The Banaras Series: Faith and Turmoil

For Manu Parekh, is not just a city – it stands for the layered spiritual life of India. He first felt its pull in the 1980s, when he arrived in Varanasi soon after his father died. The place hit him with a force that felt both god-soaked and unruly. 

In the Banaras set of works, Parekh treats the city as if it were a single living body. Jagged edges broken shapes and loud reds, yellows and blues do not offer calm – they show raw feeling. His Banaras never stays still – it pulses, glints and fights with its own belief. 

The pictures take an old topic – the sacred city – drag it into a modern mind space. Parekh leaves out gods, priests and temples as separate items – he paints the charge that holds them. His Banaras turns into a sign of India’s daily effort to keep ancient faith and present-day life in one frame.

Expressionism as a Bridge

Manu Parekh’s art is usually called Expressionism, a modern style that puts raw feeling ahead of accurate looks. He uses that style to lay bare the spiritual strain and cultural clashes inside India.

He lays on thick paint, fires off bright color and twists shapes until they seem to lunge. Together those devices give the sense of motion felt in the gut and seen with the eye. They stand for the beat of belief, the disorder of daily life and the hunt for purpose inside a world that never stops shifting. 

With that direct pictorial speech Parekh drags classic Indian themes into the present. His saints gods and hills are not frozen relics – they swell and breathe and carry loud emotion. The pictures keep the old stories – yet retell them in a way today’s mind can grasp.

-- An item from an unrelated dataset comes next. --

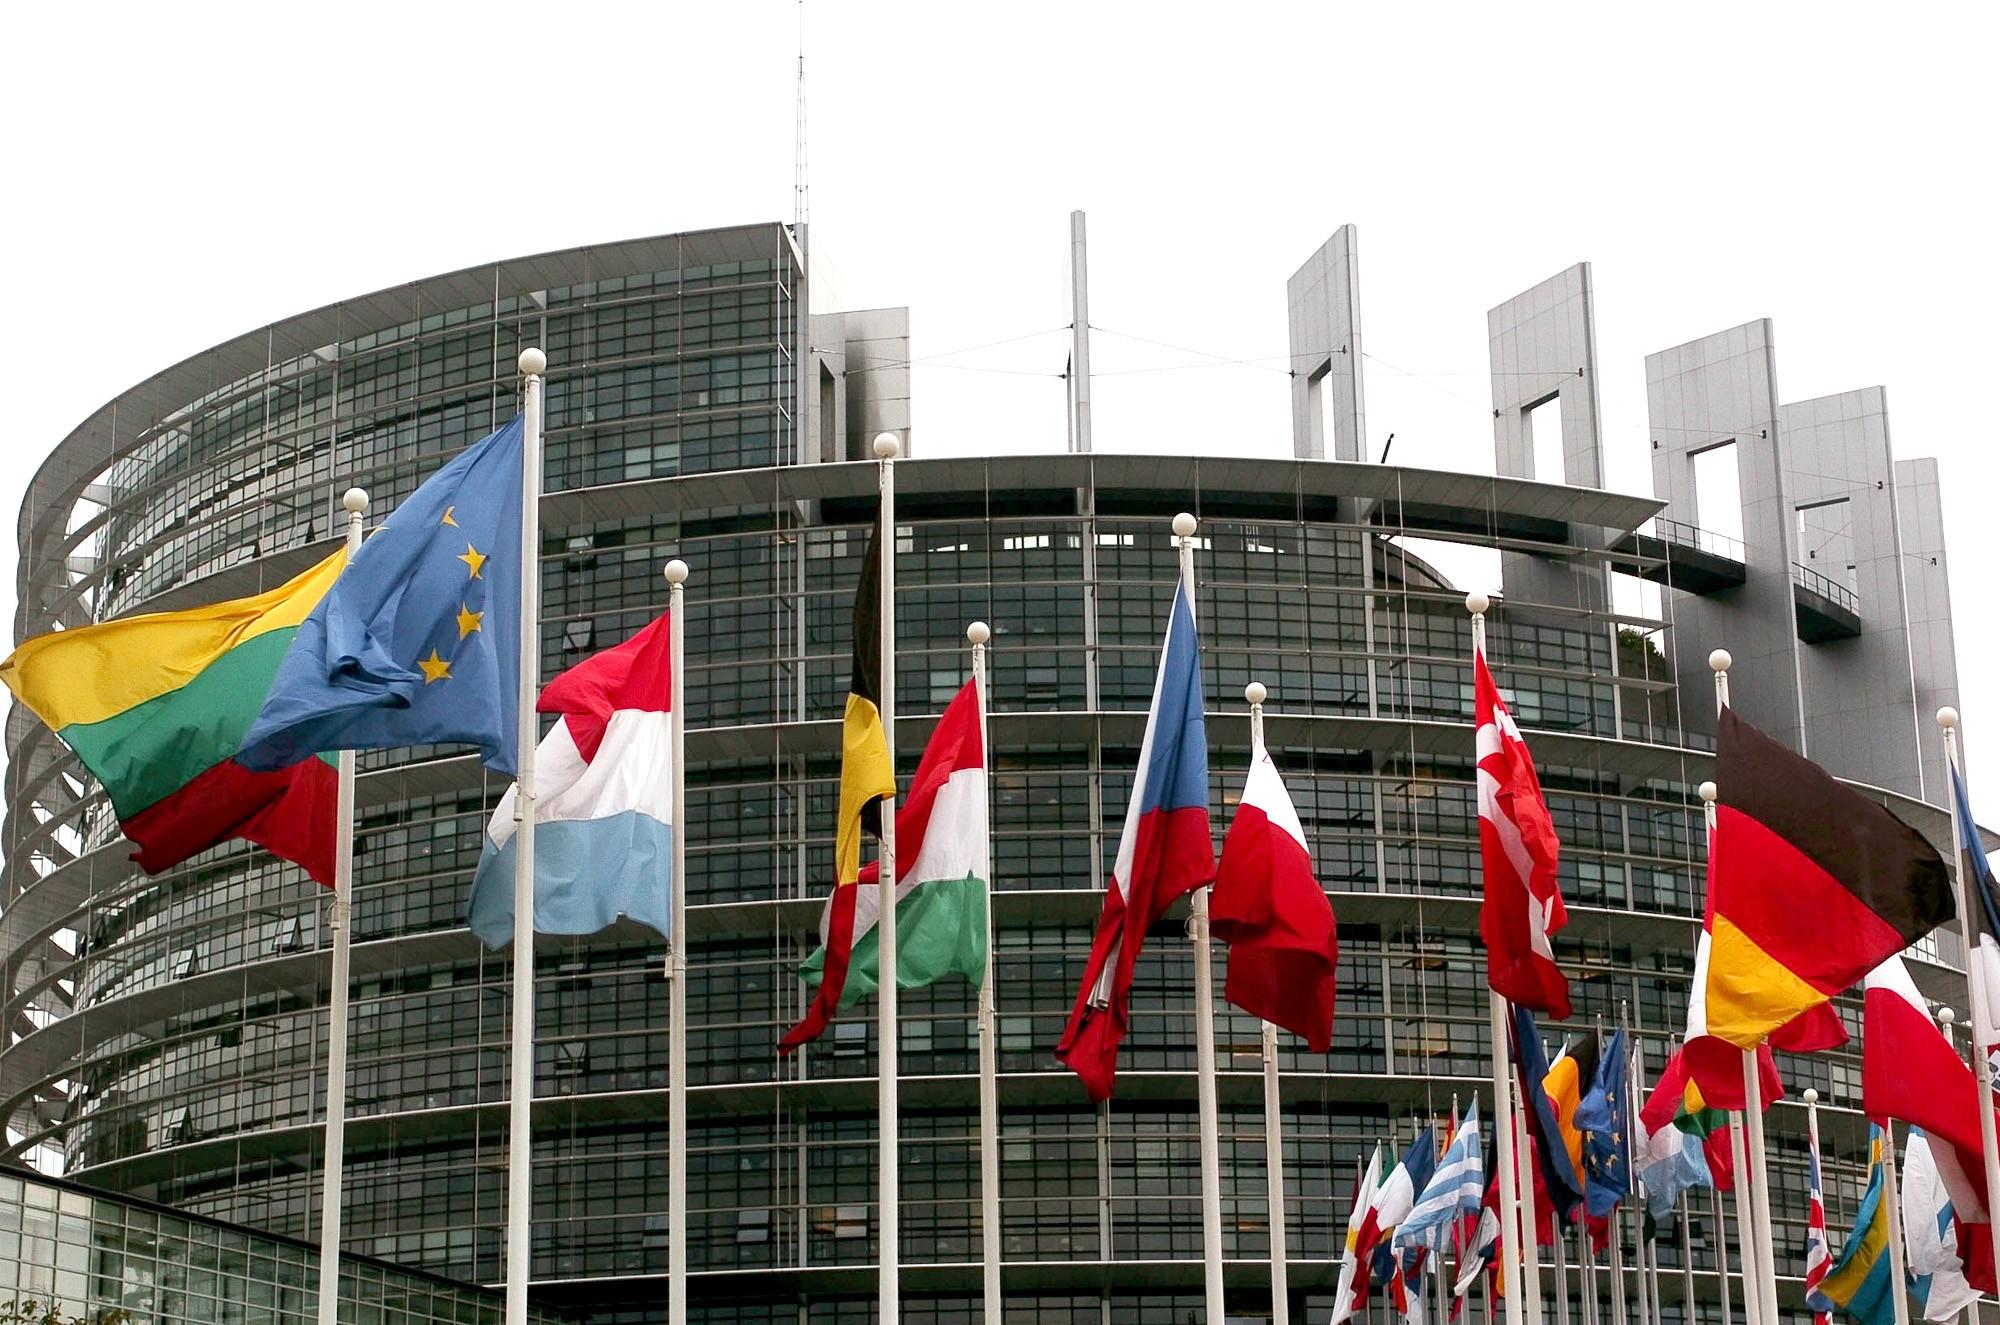 European_parliament_in_Strasbourg.jpg

The Role of Symbolism and Color

Color sits at the heart of Parekh’s picture making. He treats paint as more than a pretty surface – he lets it carry feeling and belief. A patch of red stands for life and for prayer – a stroke of yellow brings the god’s spark – a slab of blue opens space for quiet thought. The shades come straight out of old Indian custom – yet they sit as comfortably on the canvas as any modern expressionist slash.

He piles shape upon shape until temples, river-steps and curved arches glimmer through the paint. None of the shapes copy real buildings – each one signals a mood. Because he keeps the picture half-recognizable and half-open, the canvas holds the breath of Indian faith without slipping into a simple illustration.

A Modern Vision Rooted in Indian Identity

In comparison to many recent Indian painters who borrowed looks from Europe or America, Manu Parekh keeps his pictures planted in what feels Indian. The pieces look new not because they copy foreign fashions, but because they take old Indian ideas and place them in today’s world. 

He returns again and again to rituals on the Banaras ghats, to prayer, to gods and to river smoke – he pulls those subjects apart and rebuilds them with bright blocks of colour and raw feeling. The result stays fresh while still talking to yesterday. 

Parekh works inside the wider aim of Indian art today – keep the ancestral voice – yet speak the present tongue. His path shows that an Indian artist who wants to stay modern does not have to drop custom – the past itself gives the stuff for change.

Recognition and Legacy

Over the past fifty years, galleries in India and other countries have hung Manu Parekh’s canvases and critics now list him among the chief Indian Expressionists. He stands out because his pictures look like no one else’s and because he keeps Indian art tied to its old spiritual core while still speaking to people who live with phones and traffic. 

Young artists today still study his paintings when they want to mix heirloom ideas with fresh ones. ArtAliveGallery and other well known spaces keep his canvases on their walls reminding viewers that he helped steer the story of Indian art into the present day.

Conclusion

Manu Parekh began as a village boy who learned old myths and festivals – moved to the city and met concrete, electric light and traffic. By placing a lotus beside a steel bridge or Hanuman against a block of flats, Parekh proves that tradition survives when it allows new stories to wear its old clothes. The paintings by him do not ask viewers to choose between faith and progress – they show that the same heart feels both.